A lo lejos se divisaba la irregular figura del Citroën dos caballos que era el nexo de unión entre el cuerpo y el espíritu, ya que él sería el encargado de llevarnos desde un lugar preciso de la avenida de Burjassot, en Benicalap, hasta mi querido pueblo, Andilla. Era de un color azul, ese color del cielo después de las comidas de los sábados con yogur de La Lechera y Heidi como postre. Mi tío, con su cigarro negro del momento en la boca, se me presentaba como el principal aventurero de todos los tiempos. Seguro que hizo sonar el claxon en repetidas ocasiones a la espera de que mi tía dijera: ¡ya está todo Pepe!, se iniciara la marcha y momentos después recordase que la carne para la paella se había quedado en el banco de la cocina. Mi primo y mi prima se encontraban en la segunda fila de la nave. Mi primo pensaba en los gorriones que podría abatir en los árboles del paseo y mi prima revisaba la bolsa de los discos.
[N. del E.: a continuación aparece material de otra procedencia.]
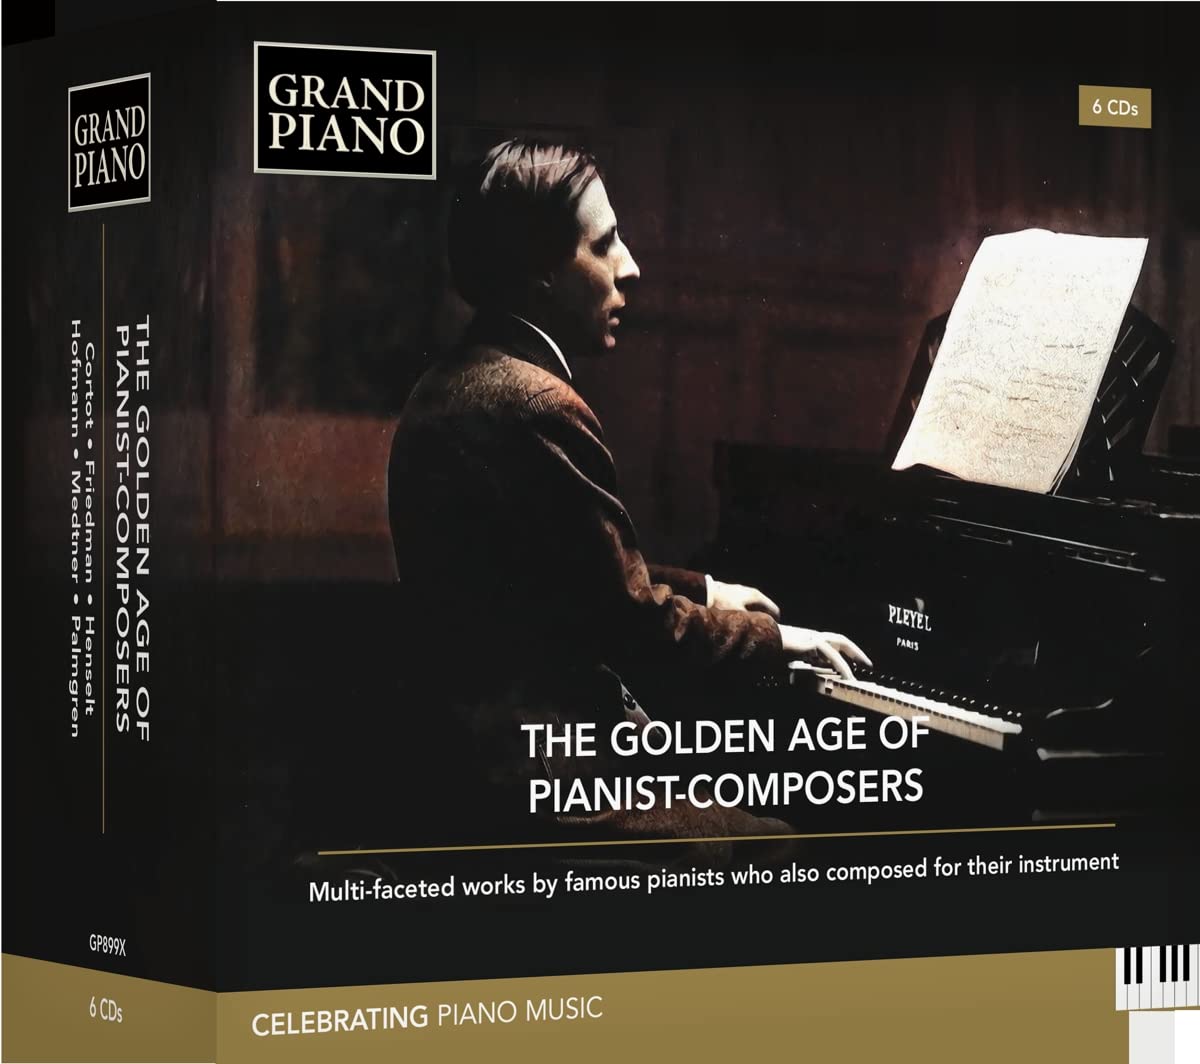 The Golden Age Of Pianist-Composers

Comprobaba que Miguel Ríos estaba allí, junto al cuaderno de los deberes, sabiendo que el de Granada, ensayando los saltos que años más tarde se darían en sus giras, saldría de esa bolsa de Lanas Aragón para facilitar sus sueños y los de su inseparable María Amparo, otra prima común. La compañera de viaje de Miguel lo tenía más difícil, aquella libreta con las tareas pendientes salía menos de la bolsa que Franco de España. ¡Cómo puede tener el mismo peso específico un problema aritmético que los secretos a compartir bajo la parra del tío Vicente! Con suerte vería al chico con problemas de acné que conoció el último verano y que tal vez en esta ocasión se fijaría en ella.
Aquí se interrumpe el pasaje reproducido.